Mystery tour: Taira no Masakado – Part 2 –
Barrier for Masakado?
There are seven main shrines (including “Kubi-zuka”) for Masakado.
They are said to have been built to seal the powerful spirit of Masakado as well as to make use of it.
[1. Torigoe shrine]
It is not officially admitted, but this shrine is said to be the place where Masakado’s hand(s?) is buried or where Masakado’s head flew over (In a legend, the name “Torigoe” came from “Tobikoe” (“fly over” or “jump over”).
[2. Kabuto shrine]
“Kabuto” means a traditional Japanese helmet worn by samurai.
There is a legend that Masakado’s “kabuto” was buried here.
Again, it doesn’t seem to be mentioned officially.
This small shrine is considered as the guardian for the brokerage industry.
(Kabuto-cho is one of the main financial districts in Japan where Tokyo Stock Exchange is located.)
[3. Masakado no Kubi-zuka]
See my previous post.
[4. Kanda shrine]
Some say that Masakado’s headless body was buried here, and that the name “Kanda” came from “Karada” (meaning “body”).
In the offical website, it is written that it was originally built near “Kubi-zuka”.
After Masakado’s death, extraordinary phenomena frequently happened in “Kubi-zuka” area, so a high priest commemorated his soul.
Then in 1309, the shrine started to worship Masakado’s spirit (no mentions about Masakado’s body) for consolation.
The shrine was moved to the present place in 1616.
Its location is north-east of the Edo Castle to prevent evils coming in from “kimon”, “devil’s gate” (for more information about “kimon”, see my Momotarou post).
[5. Tsukudo shrine]
According to the official website, Masakado’s head was secretly brought back to the eastern area from Kyoto and enshrined in June of 940 near “Kubi-zuka”.
This was the original site of Tsukudo shrine.
It had been moved six times.
The present (seventh) location
The fifth location (from 1616 to 1946)
It was just next to another shrine “Tsukudohachiman”.
A religious old man recieved a divine message in a dream and started to worship a pine tree.
This Tsukudohachiman shrine was built there.
The Tsukudohachiman shrine is said to be where Masakado’s feet (foot? or leg?) were buried.
[6. Mizuinari shrine]
The shrine to suppress Masakado’s power.
This was built in 941 by Fujiwara no Hidesato a.k.a. Tawara Touta.
He was one of samurais who fought against Masakado for the government.
Originally, it was located at the present Waseda University Building 9, a several hundreds meters (yards) south-east away from the present location.
It was moved in 1963.
[7. Yoroi shrine]
“Yoroi” means armour.
There are rumours that armours of two people were buried here:
When he came to conquer the eastern area on order of the Emperor, he cached his armour under the ground.
- Taira no Masakado
In 947, people mourned Masakado’s death and buried his armour.

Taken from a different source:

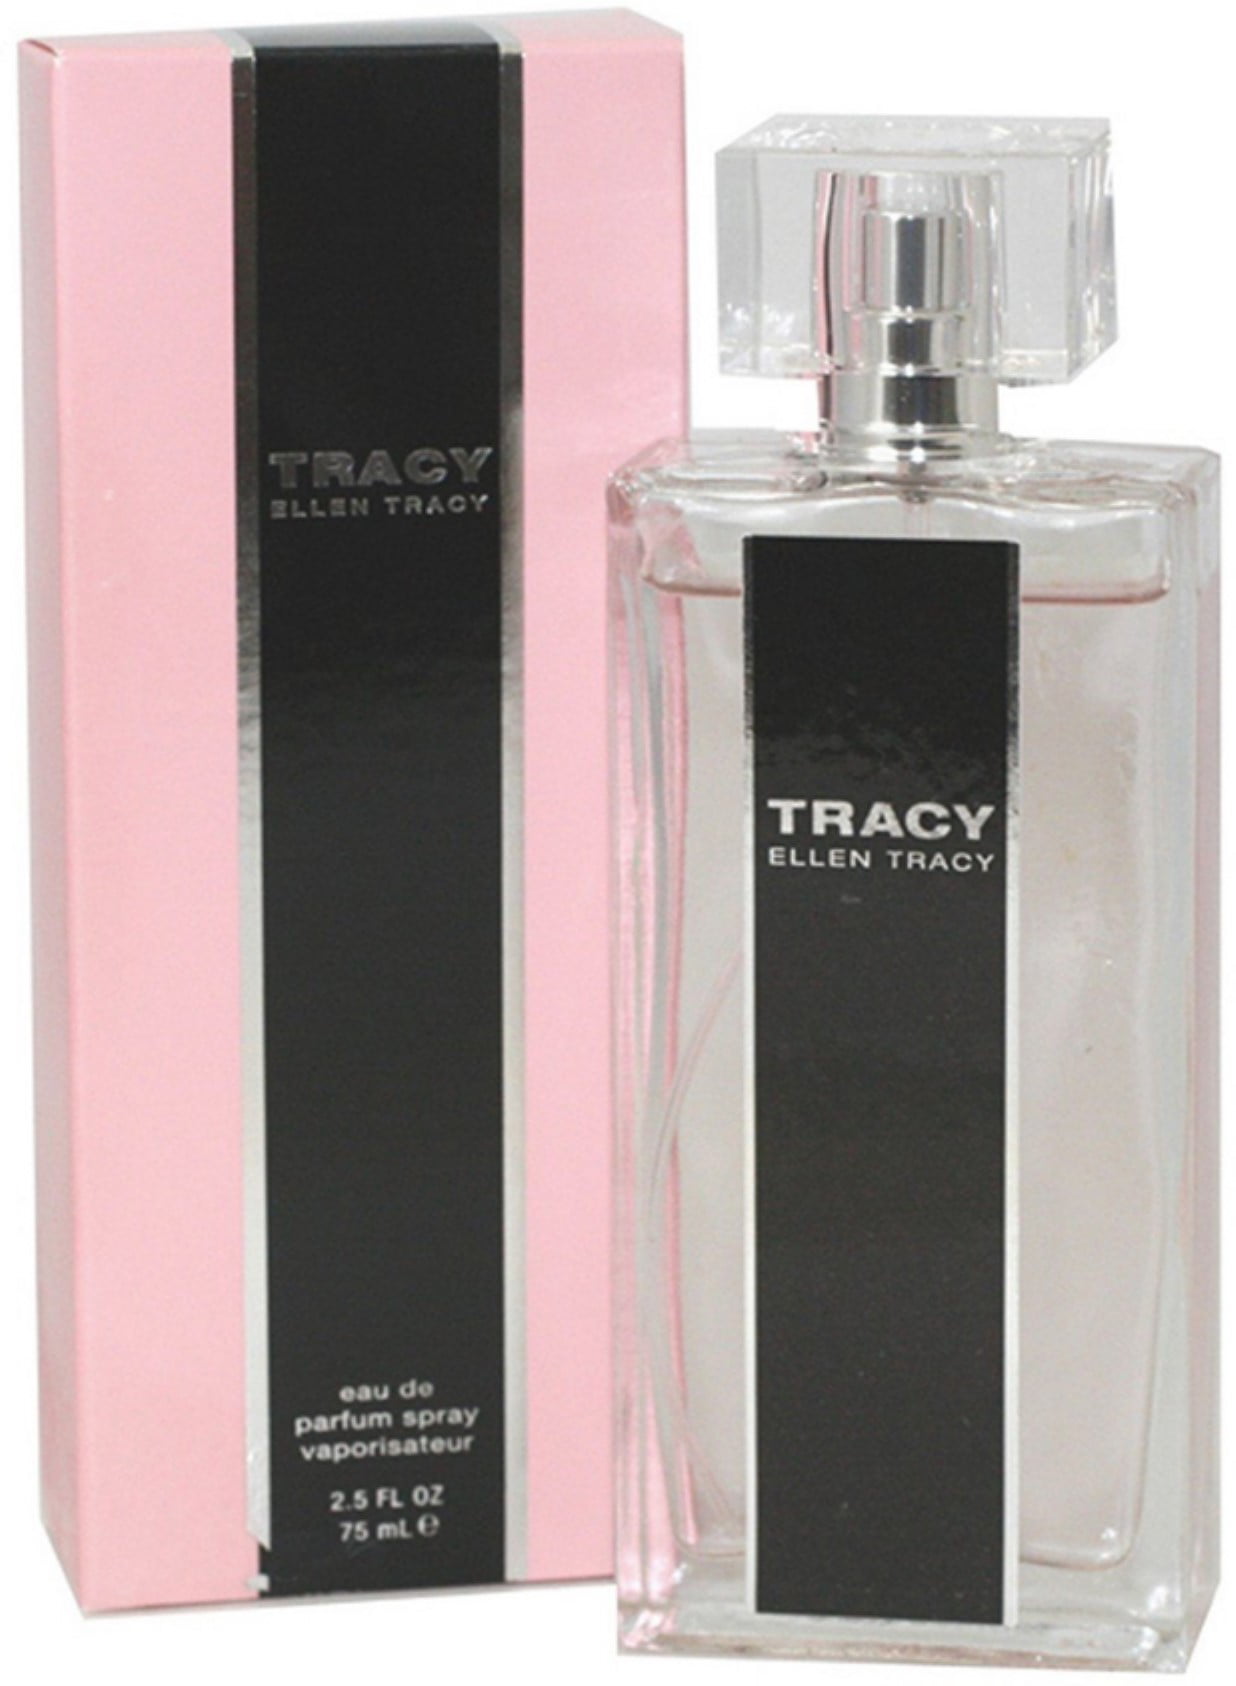 Tracy By Ellen Tracy For Women. Eau De Parfum Spray 2.5 oz - Walmart ...

In another rumour, it was Fujiwara no Hidesato who buried Masakado’s armour at Enshou-ji (Enshou temple) near the shrine.
He became seriously ill after killing Masakado.
He thought it was because he was haunted by Masakado, so he buried the armour and built a small shrine to console the spirit.
Then he quickly and fully recovered.
The Big Dipper
If you connect those seven spots, “the Big Dipper”-like shape comes out.
Some say this is a magic barrier for the spirit of Masakado completed in Edo era, because Masakado worshipped the Big Dipper.
- The location of fifth spot (Tsukudo shrine) is the one in Edo era. (Next to Tsukudohachiman shrine)
- The location of sixth spot (Mizuinari shrine) connected with red line is the present shrine, and the one with green line is the place in Edo era.